Structural Health Monitoring (SHM), i.e. the action of monitoring structures in real-time and in an automated manner, is a major challenge in several industrial fields such as aeronautic. SHM is by nature a very high dimensional data-driven problem that possesses several specificities when addressed as a machine learning problem. First of all data in damaged cases are rare and very costly as the generation of damaged data is not always possible and simulations are not reliable especially when dealing with complex structures. SHM is thus by nature an unsupervised problem. Furthermore, any incoming sample should be instantaneously clustered and handcrafted damage indexes are commonly used as a first dimension reduction step due to large datasets to be processed. As a consequence, unsupervised dimensionality reduction (DR) techniques that project very high dimensional data into a two or three-dimensional space (such as t-SNE or UMAP) are very appealing in such a context. However, these methods suffer from one major drawback which is that they are unable to cluster any unknown incoming sample. To solve this we propose to add inductive abilities to these well know methods by associating their projection bases with Deep Neural Networks (DNNs). The resulting DNNs are then able to cluster any incoming unknown samples. Based on those tools, a SHM methodology allowing for unsupervised damage clustering with dimensionality reduction is presented here. To demonstrate the effectiveness of the method, results of damage classification on large experimental data sets coming from complex aeronautical composite structures monitored through Lamb waves are shown. Furthermore, several DR techniques have been benchmarked and recommendations are derived. It is demonstrated that the use of raw Lamb wave signals instead of the associated damage indexes is more effective. This non-intuitive result helps to reduce the gap between laboratory research and the actual start-up of SHM activities in industrial applications.

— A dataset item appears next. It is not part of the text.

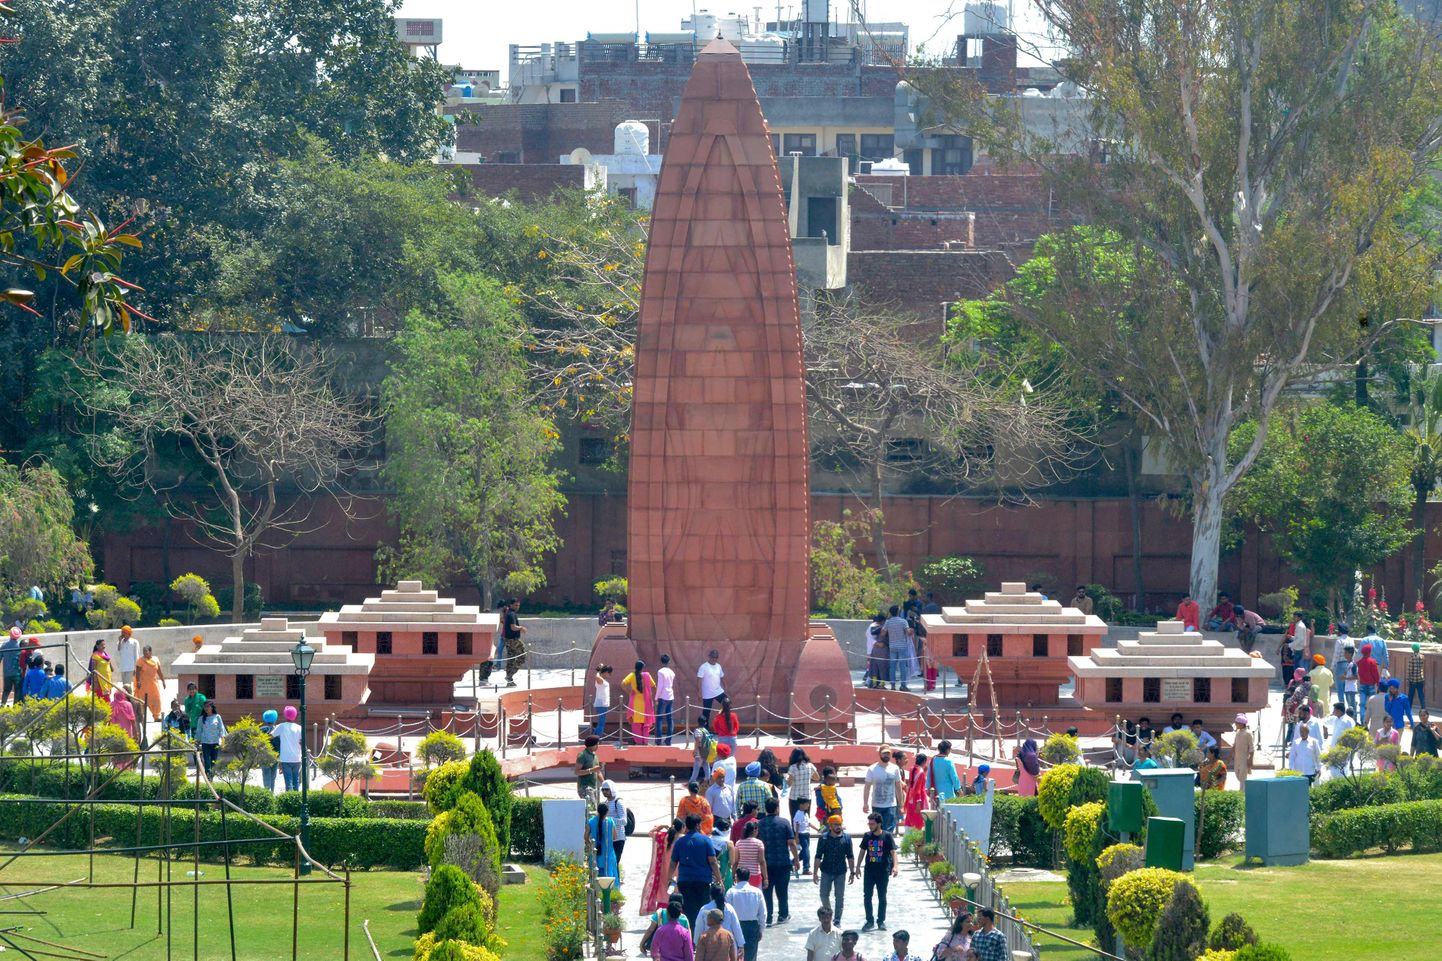 Amritsari massimõrvas hukkunute mälestusmärk Indias.

结构健康监测（SHM），即以自动化方式实时监测结构的行为，是航空工业等多个工业领域的主要挑战。SHM本质上是一个非常高维的数据驱动问题，在作为机器学习问题解决时，它具有多种特性。首先，在损坏情况下的数据很少且非常昂贵，因为并非总是可能生成损坏的数据，并且仿真不可靠，尤其是在处理复杂结构时。因此，SHM本质上是一个不受监督的问题。此外，任何传入的样本都应立即进行聚类，并且由于要处理的数据集较大，通常将手工制作的破坏指数用作第一个降维步骤。作为结果，在这种情况下，将超高维数据投影到二维或三维空间（例如t-SNE或UMAP）的无监督降维（DR）技术非常有吸引力。但是，这些方法的一个主要缺点是无法将任何未知的传入样本聚类。为了解决这个问题，我们建议通过将其投影基础与深度神经网络（DNN）关联，将归纳能力添加到这些众所周知的方法中。然后，生成的DNN可以对任何传入的未知样本进行聚类。在这些工具的基础上，本文介绍了一种SHM方法，该方法可在无监督的情况下进行聚类并降低尺寸。为了证明该方法的有效性，显示了通过兰姆波监测的复杂航空复合结构对大型实验数据集进行的损伤分类结果。此外，已经对几种灾难恢复技术进行了基准测试，并提出了一些建议。结果表明，使用原始的兰姆波信号代替相关的损伤指数更为有效。这种非直觉的结果有助于减小实验室研究与工业应用中SHM活动的实际启动之间的差距。